No nos dejemos engañar, ni mucho menos intimidar. Lo que parece escalada de violencia de parte del crimen organizado son sólo tácticas de propaganda para ganar cobijo social y obtener espacios de impunidad manteniendo a raya a las autoridades. Así lo dijo el secretario de Seguridad Pública federal, Genaro García Luna, en la sexta reunión de secretarios y directores de seguridad pública celebrada en San Luis Potosí.
El secretario habló en teatral coordinación con el procurador general de la República, Eduardo Medina Mora, quien la semana pasada afirmó que “estamos ganando esta guerra, aunque no lo parezca”, como si ambos tuviesen el mismo equipo asesor de expertos en psicología de las masas, mientras Manuel Espino Barrientos –el ex dirigente nacional del PAN- señalaba a los medios lo que todo mundo piensa: “estamos perdiendo la “guerra” contra el narco”.

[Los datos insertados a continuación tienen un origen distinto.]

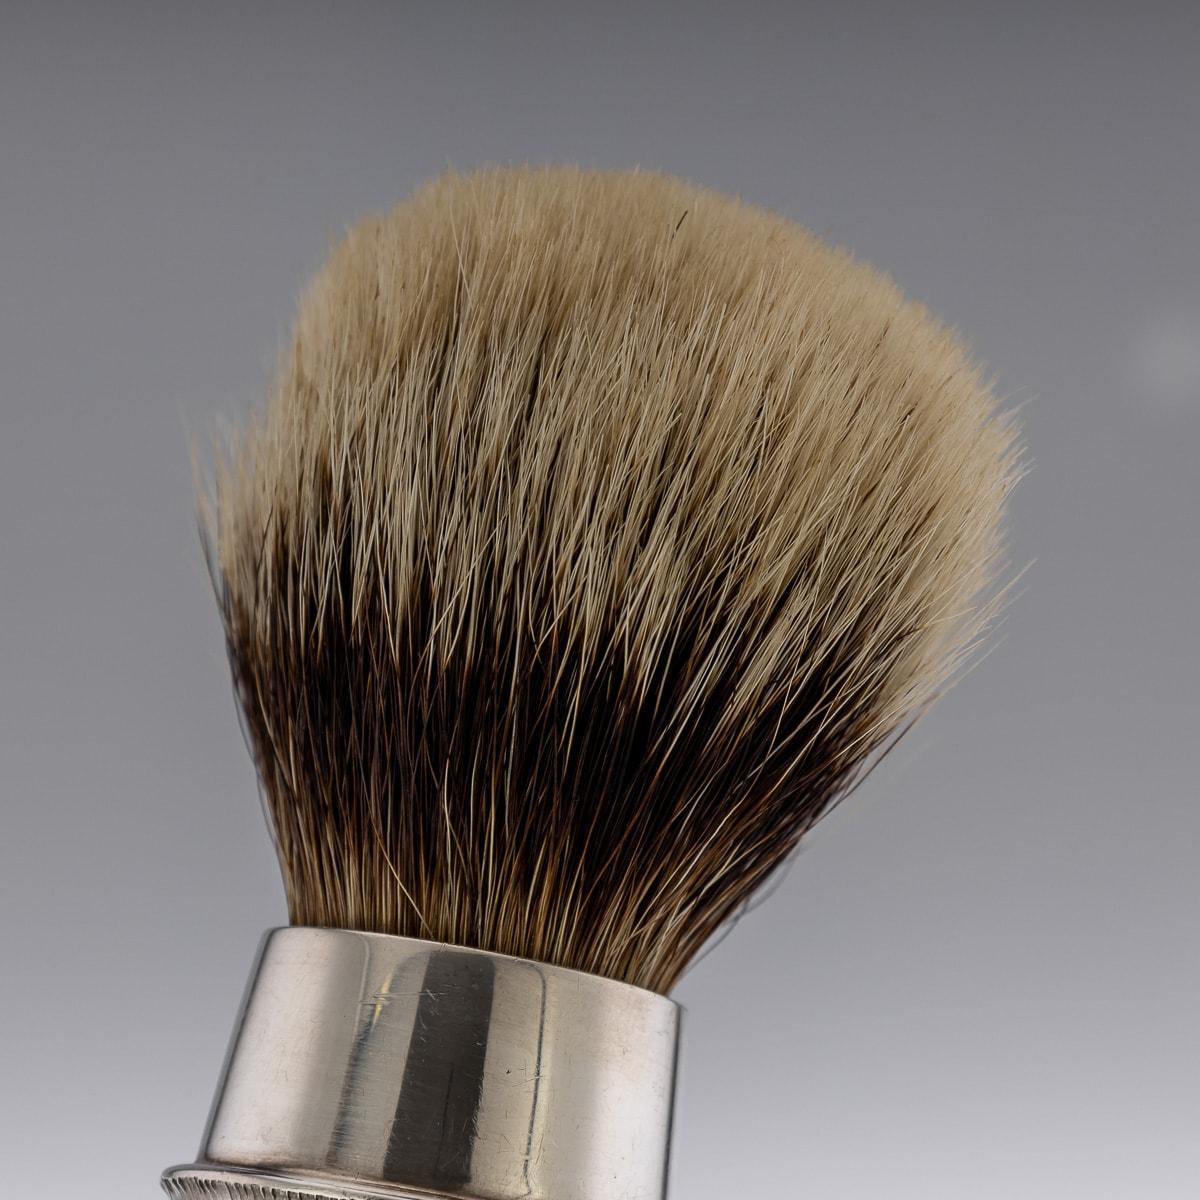 British 20th Century English Silver Shaving Brush & Stand, Christopher Lawrence, c.1976 For Sale
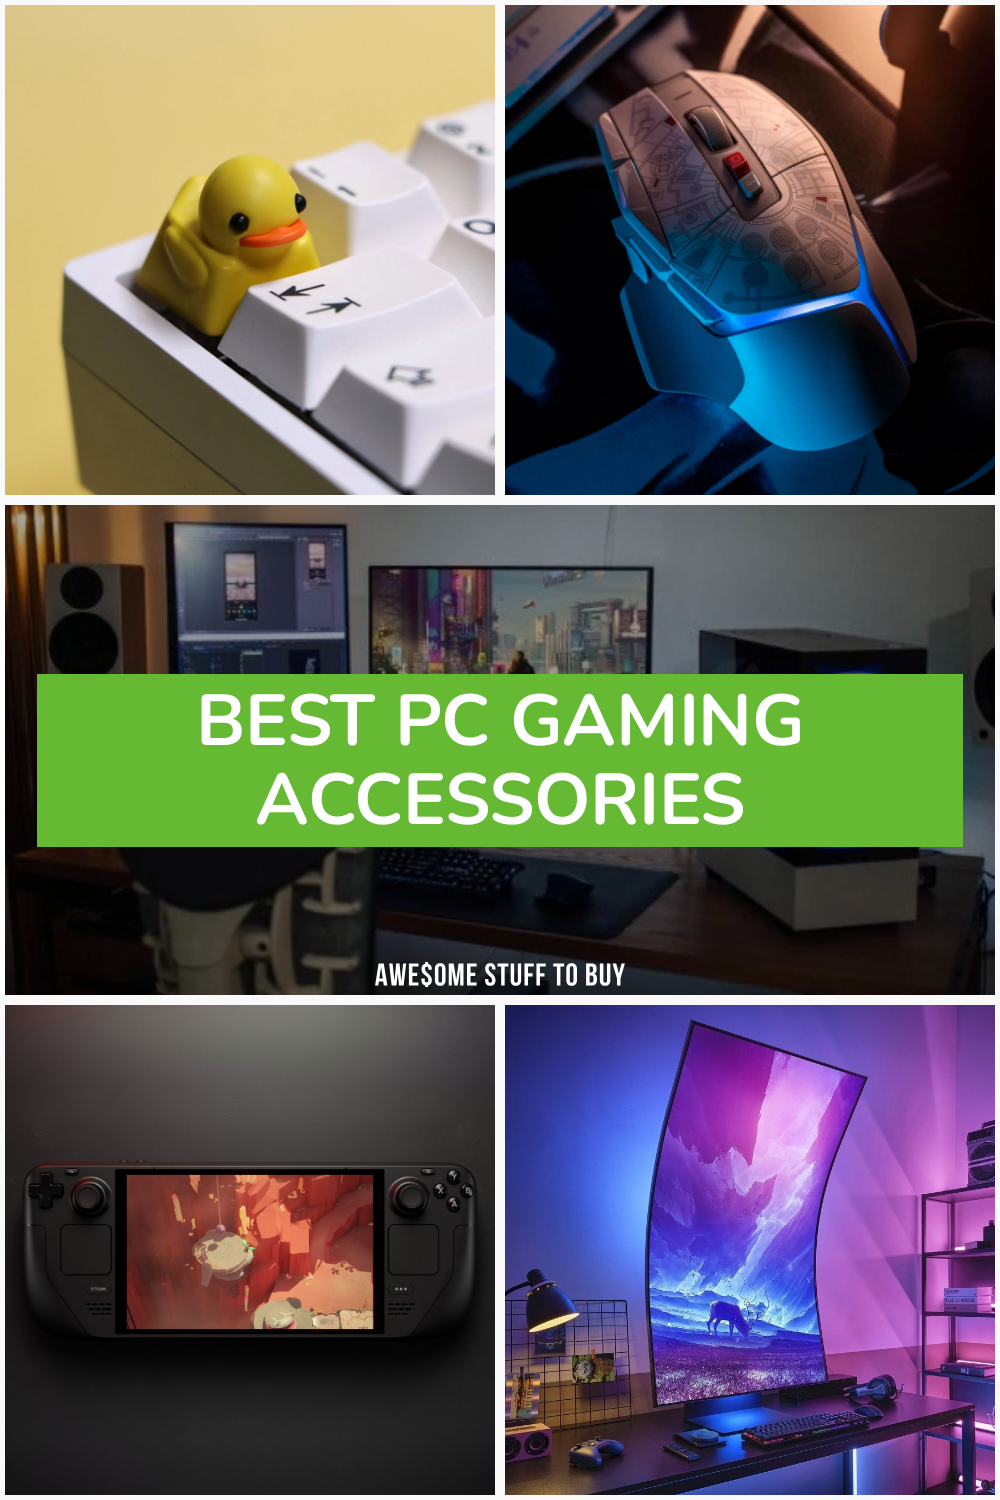 PC Gaming Accessories // Awesome Stuff to Buy

“Guerra”, palabra y descripción preocupante pues en medio de ésta ambos bandos no respetan la vida de los civiles, y dado el cómo hablan los señores, como que es hora de revisar si los dos altos funcionarios son los adecuados para conducir esta “guerra”.
Para la ciudadanía común y corriente el crimen, organizado o no, florece en México entre otras cosas, por la impunidad comprada a autoridades policíacas, judiciales y políticas, cosa contraria a la que señala el presidente en torno a que los medios le dan mucho espacio a las acciones del narco, deslizando el mandatario el que, ha sido la música, especialmente la norteña, la que ha reseñado desde “Camelia la Texana”, hechos y desechos del narcotráfico, con un éxito tal que las ganancias –por ejemplo de los Tigres del Norte- han sido de tal volumen que ninguna autoridad censuró esos temas bailables: “La Reina del sur” fue el último hitazo de los Tigres del Norte en 2002, inspirada en la décimocuarta novela del autor español Arturo Pérez-Reverte, publicada ese mismo año. El libro narra la vida de Teresa Mendoza, una mujer mexicana nacida en Culiacán, Sinaloa, que se traslada a vivir a España, donde se envuelve en las redes del contrabando y narcotráfico de aquel país. La historia muestra la vida de Teresa, sus deseos, ilusiones y amores e incluso sus negocios ilícitos en su nueva patria sin dejar atrás sus raíces mexicanas.
En 2007 la policía federal detiene a Sandra Ávila Beltrán, alias ‘La Reina del Pacífico’, una importante narcotraficante buscada en México y por la Dirección de Control de Drogas de Estados Unidos (DEA por sus siglas en inglés), informaron fuentes oficiales.
Inmediatamente la opinión pública la hizo heroína, por ser una mujer de pistolas y drogas, cuando en verdad es una peligrosa criminal, cuya actividad irremediablemente es asesina, y al conocerse que la dama –abuela de una niña de cinco años en ese entonces- era quien era, causó conmoción en el Jardín de Niños al que iba todos los días a dejar a la nieta, e inclusive participaba entusiasta en las juntas de padres de familia, en fin, una abuela común.
Era en verdad el diablo.
Así que no son los medios los que popularizan a los narcos; éstos ganaron prestigio por medio de los grupos norteños, cuya descripción de enfrentamiento a balazos con la policía era común, lo que generó la idea de valentía y honor por parte de los capos, al estilo de la mafia siciliana, cuando no son –desde dónde se les analice- más que delincuentes.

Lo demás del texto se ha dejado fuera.